Now that her gown was removed, he could see her soft feet where they peeked from beneath the hem of her calf-length chemise. They were positively tiny, those feet, and, for just a moment, looking at them felt like too bold an intimacy.

Hastily, Xavier raised his eyes to the swell of her hips instead.

He’d not spent enough time, he realized, thinking about what Miss Fletcher’s hips might look like. He’d been rather more preoccupied with thinking about her soft breasts—which was fair enough, as they looked so soft and round that he ached to get his hands and mouth on them.

Now, though, he could all too easily picture himself grabbing those hips, using them to orient her as he pleased, using them to hold her still as he drove her wild with endless pleasure. Her soft flesh would yield to his fingertips, would quiver as he thrust himself against her.

This time, when he ground the heel of his hand against the front of his trousers, it was not to alleviate discomfort but rather to generate it. He needed to remind his body that he intended to slow down. A hasty hunter would never snare his quarry.

Miss Fletcher gulped so hard it was almost audible.

“You’re—” He wondered if she’d be brave enough to say it. “—aroused.”

“Oh, yes,” he agreed. “Unmercifully so.” He moved his hand aside again so she could look her fill. “It’s rather uncomfortable, I admit. I wish you’d played a few more successful hands. I’d be much more at my leisure if I’d lost my trousers in the game.”

This image was evidently too much for her. She sucked in a sharp inhale of breath and tore her gaze away, looking everywhere, nowhere, then settling back on his mouth.

“But…” She sounded so flustered; she looked practically mesmerized. “But you’re not doing anything!”

There was a distinct note of sulkiness to this observation. Xander smiled.

“No,” he agreed, voice gentle but firm. And then he dropped the axe. “Not until you ask me to.”

Her eyes flew back to his; she stumbled back a step or two, stopped only by the armchair where she’d been sitting previously.

Ah, he thought, not without some disappointment.

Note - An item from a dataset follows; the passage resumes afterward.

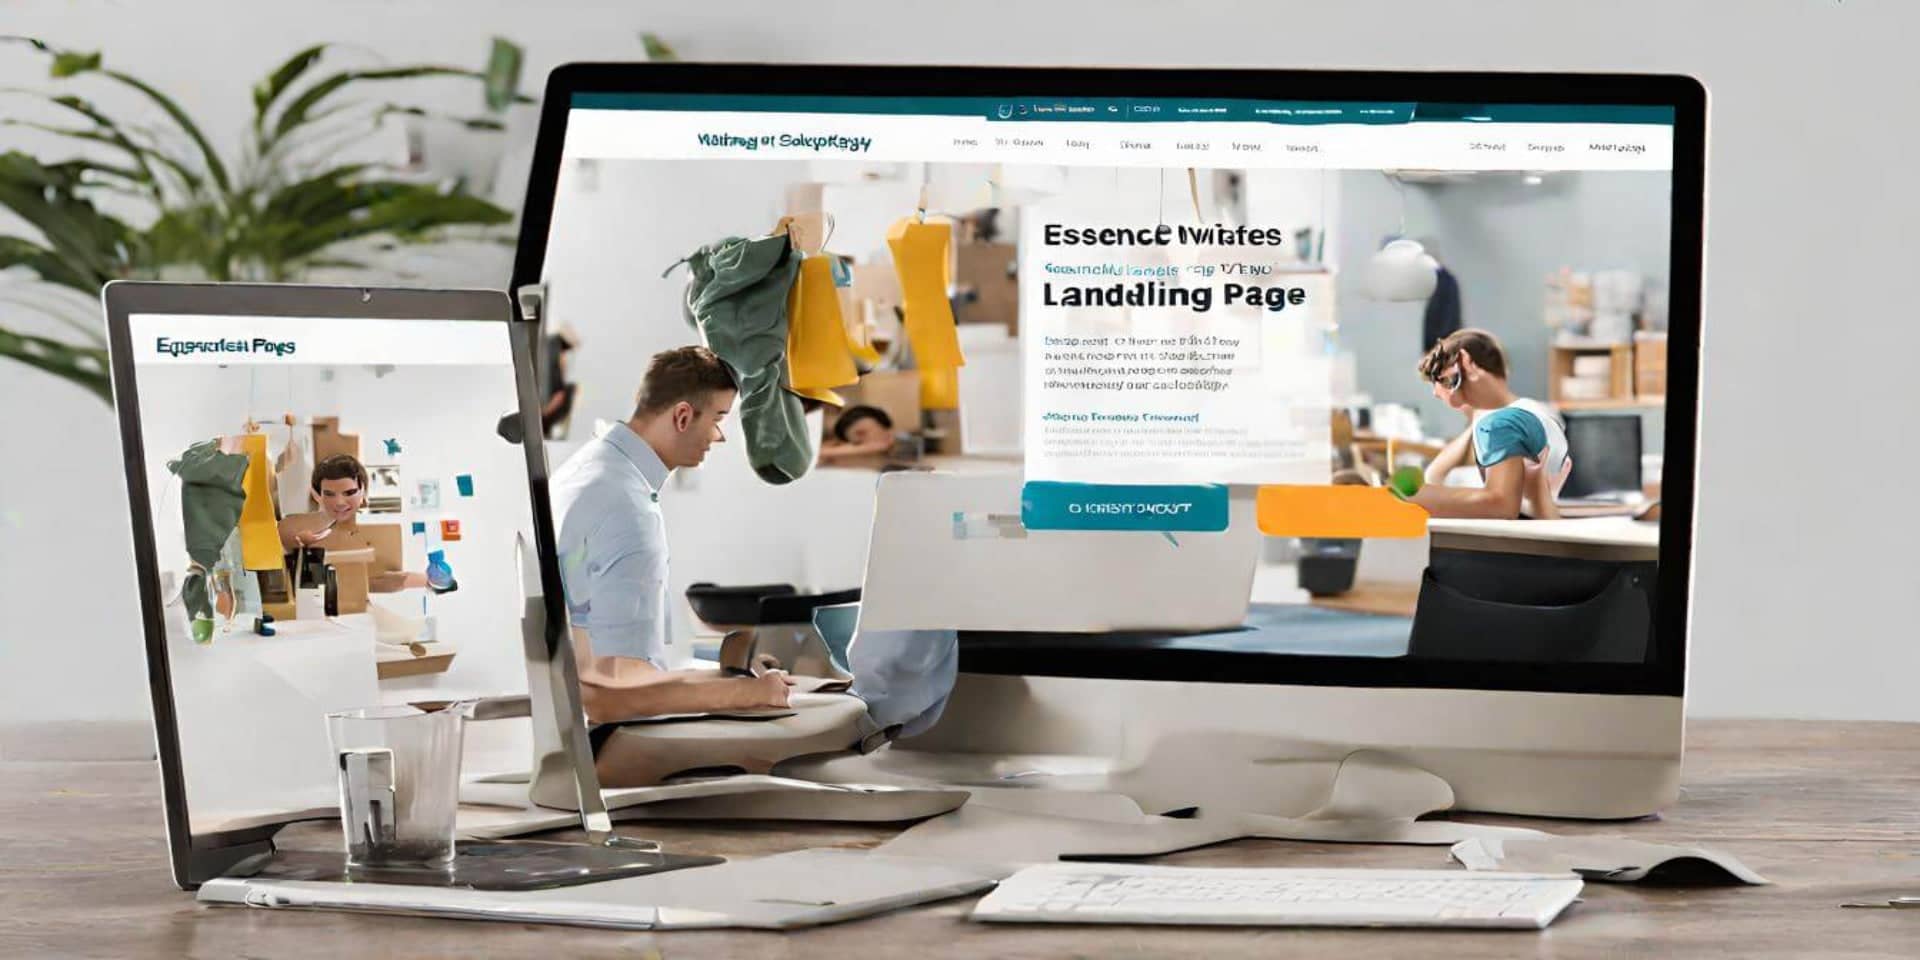 We will create Your Custom Landing Page Copy

Not quite ready yet, then.

“You—you—” she stammered. “Oh, you mock me .”

He narrowed his eyes. “I do not,” he retorted. “Tease? Yes. Toy a bit? Indeed. But not mock.” He gestured down at his lap, then watched as she struggled not to look. “This does not lie, rabbit. I hunger for you most vociferously. But, as I have said before, I have no interest in an unwilling woman. I want you eager. I want you wanting. You will come to me because you wish it or not at all. Until you are ready to admit your own desire as readily as I have admitted mine, I will wait.”

Her eyes were hot with rage, but she didn’t try to slap him again, which he considered a significant step forward in their interpersonal rapport.

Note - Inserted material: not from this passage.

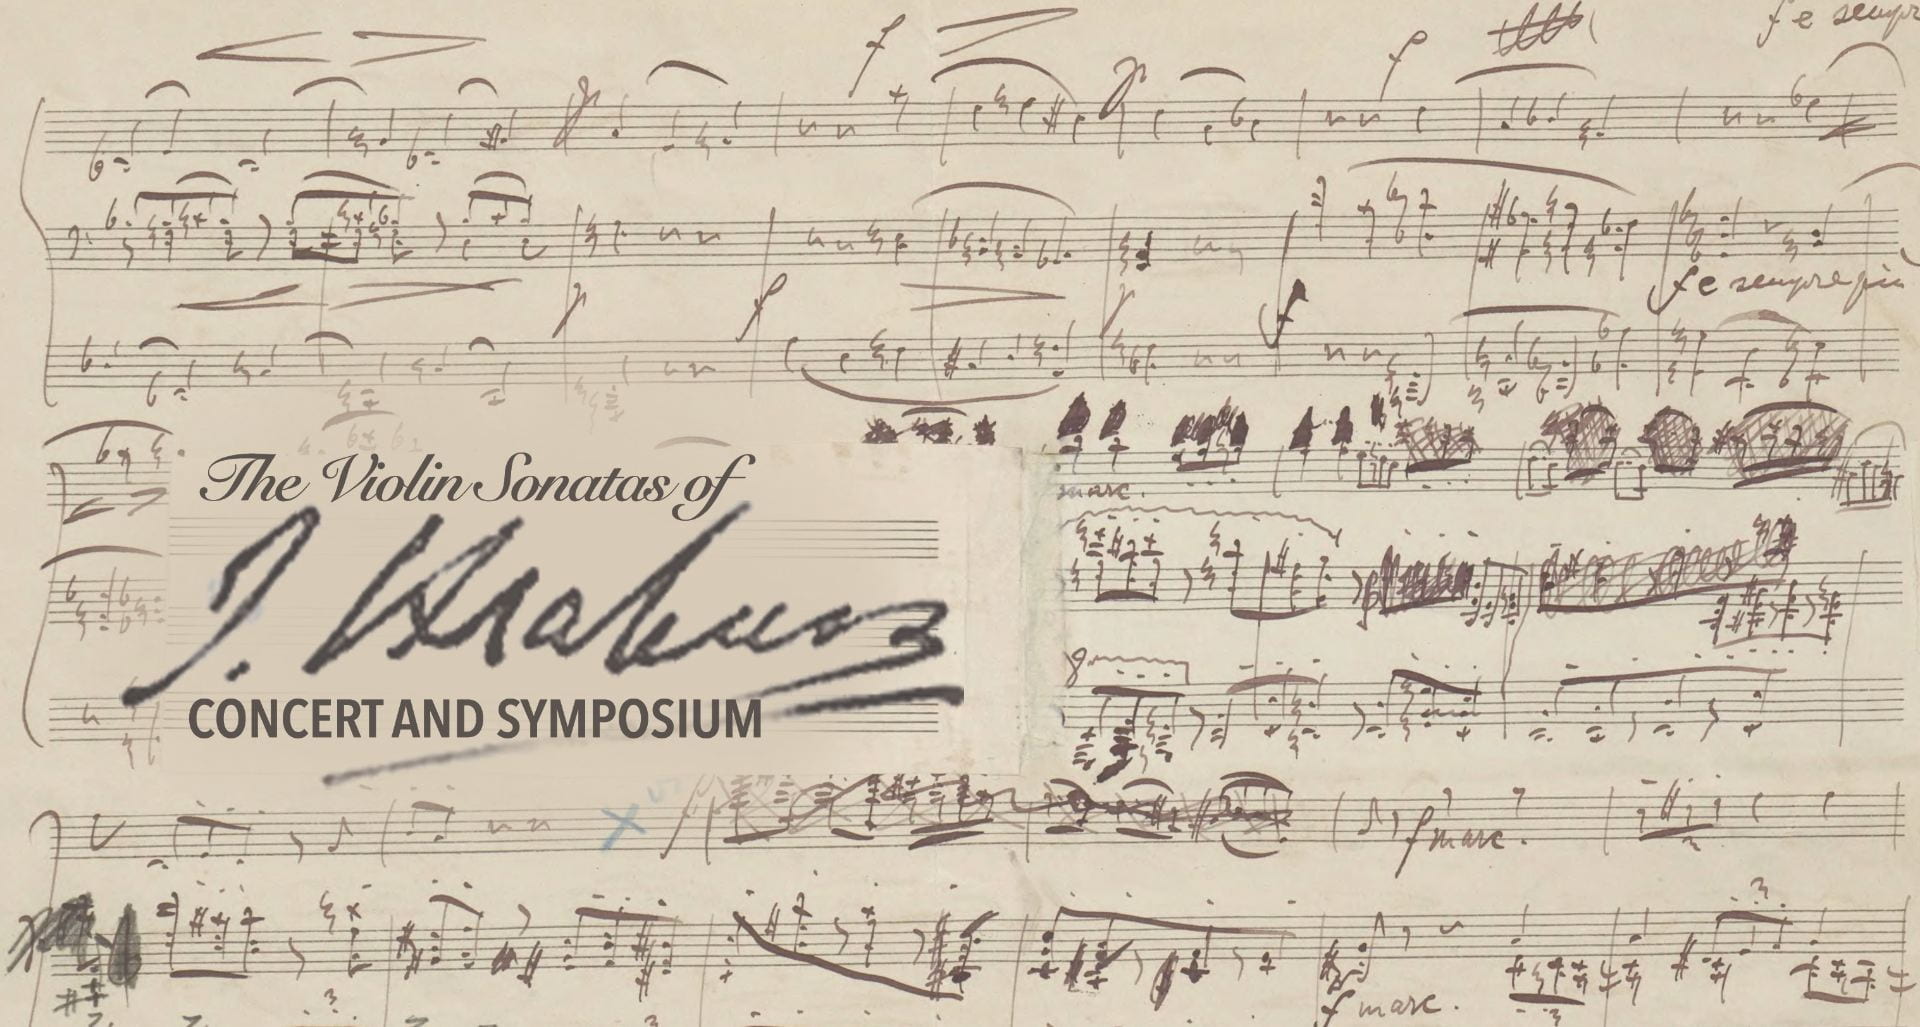 A scan of Brahms hand-written score with the title of the event superimposed: The Violin Sonatas of Brahms, Concert and Symposium.

She did, however, bundle up her clothing, not even bothering to redon her dress or put on her stockings before she shoved her feet into her half boots and threw her cloak over everything. He watched her sumptuous figure disappear behind the heavy fabric with a distinct note of regret.

Being patient really could be most dreadfully trying , he thought.

“If that’s what you’re waiting for, Your Grace,” her accent thicker than ever in her haste and anger, “you will go to your grave still waiting! Goodnight, sir!”

And then, with a snap of her cloak—Xander really had to give her points for the drama of it all—she whipped out the study door and was gone.

Leaving Xander alone with an ache in his groin and only his own hand for relief. Yet, despite that, she left him laughing, as well.